Yields Have Much Farther to Fall

It often seem as though trade-deal news drives the markets, but how could this be so when we all know that China will never, ever change its crooked ways? Not that it matters. If Trump hadn’t started a tariff war, it would have made little difference in the way a bull market now in its eleventh year behaves; stocks would still be trading about where they are. The only difference is that the con-artists who make their living levitating stocks would have found a different story to drive the short-covering rallies that alone are capable of boosting the broad averages past old highs.

‘Phase One’ Forever!

When we read in the Wall Street Journal that shares have risen because traders supposedly were optimistic on a given day about the tariff talks, we understand that this is poppycock that is not even remotely true.
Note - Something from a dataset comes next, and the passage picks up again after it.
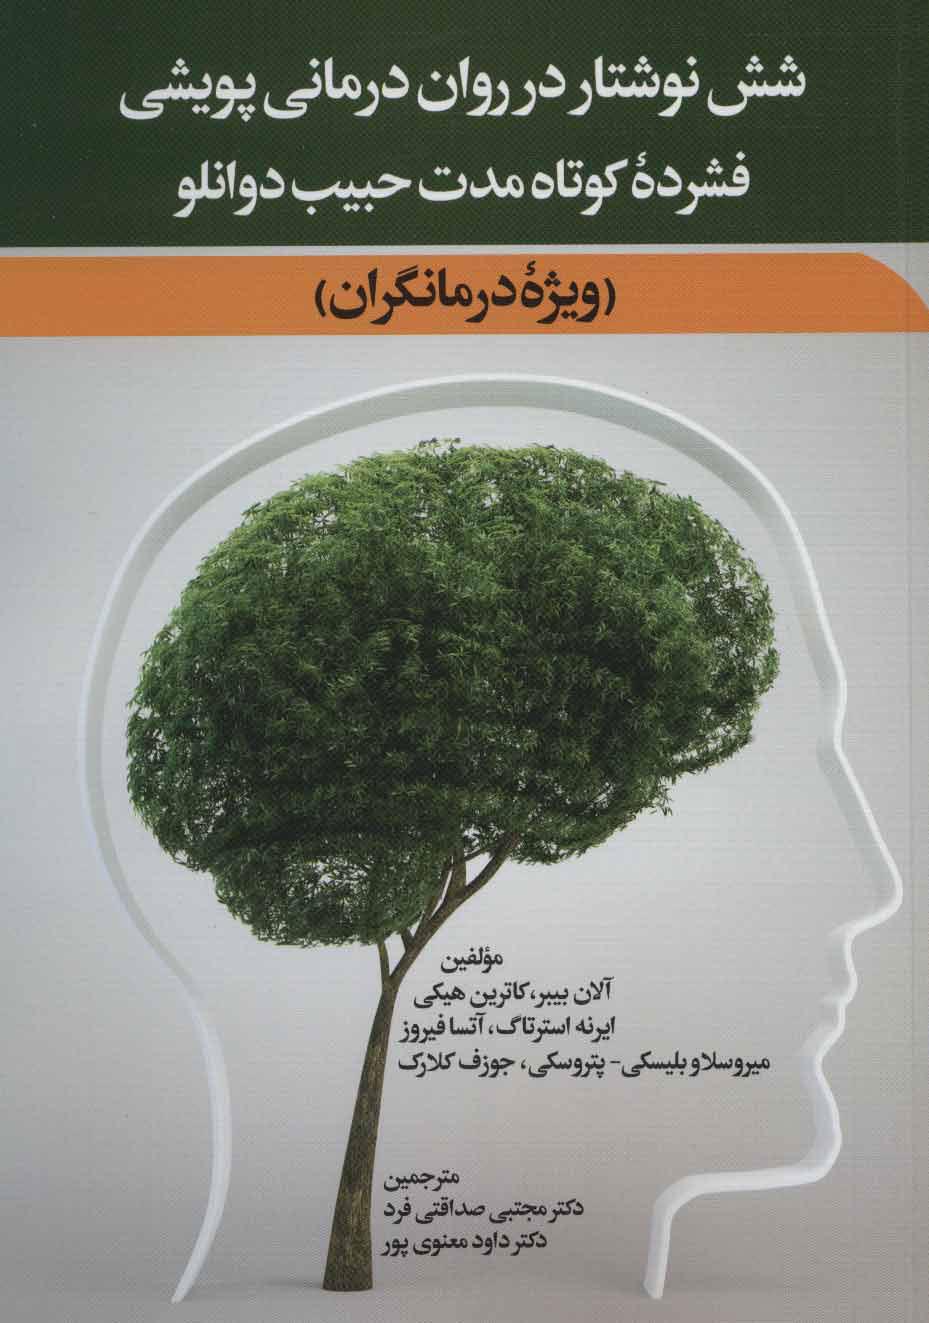 کتاب شش نوشتار در روان درمانی پویشی فشرده کوتاه مدت حبیب دوانلو
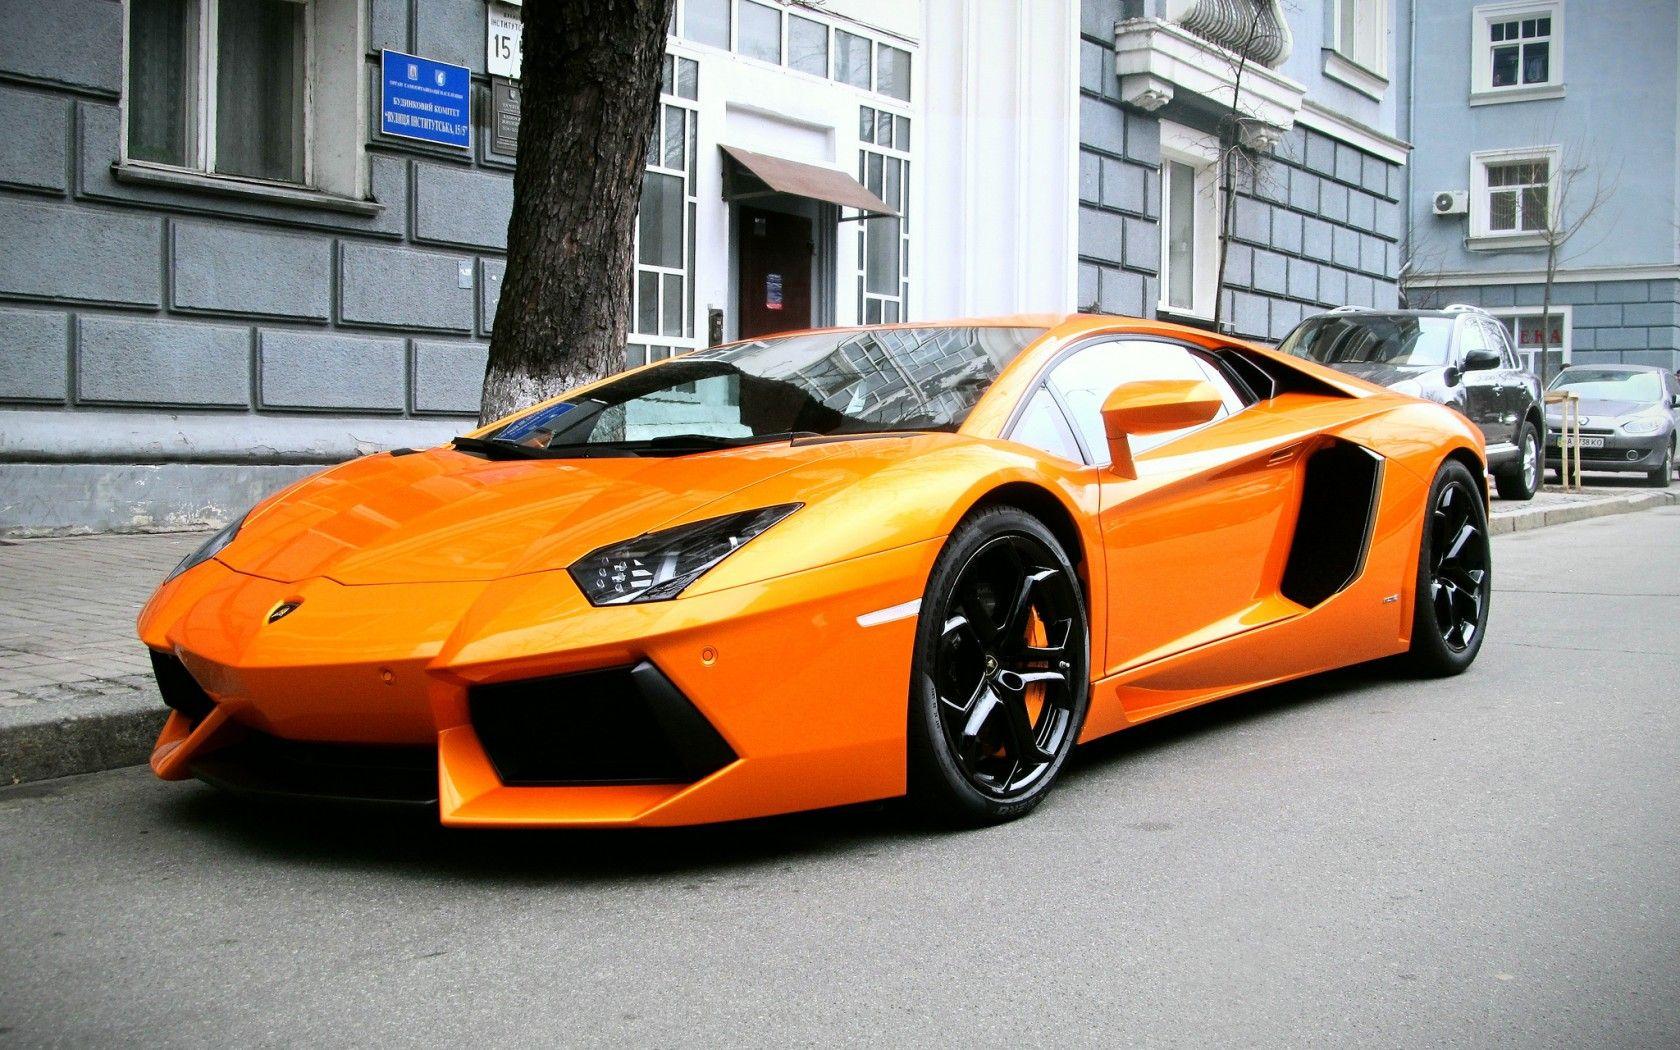 Lamborghini Aventador LP 700 4 Supercars Orange Wallpaper Background #lamborghini  Lamborghini

Even so, the hair-trigger reflex of institutional investors is to buy stocks whenever there is the faintest bullish buzz, and to dump them the instant China responds with incredulity. Wednesday’s earth-shaking story was that a meeting to enact phase one of the deal has been pushed out to December. Stocks greeted this discouraging mid-day tidbit with spasms that lasted for all of ten minutes; then they settled back into their wonted, bullish groove. At this rate, the talks will drag on indefinitely without producing any tangible results. Although it has been clear for some time that this is what both sides want, it was not until this afternoon’s gratuitous spasms that investors revealed it is what they want as well.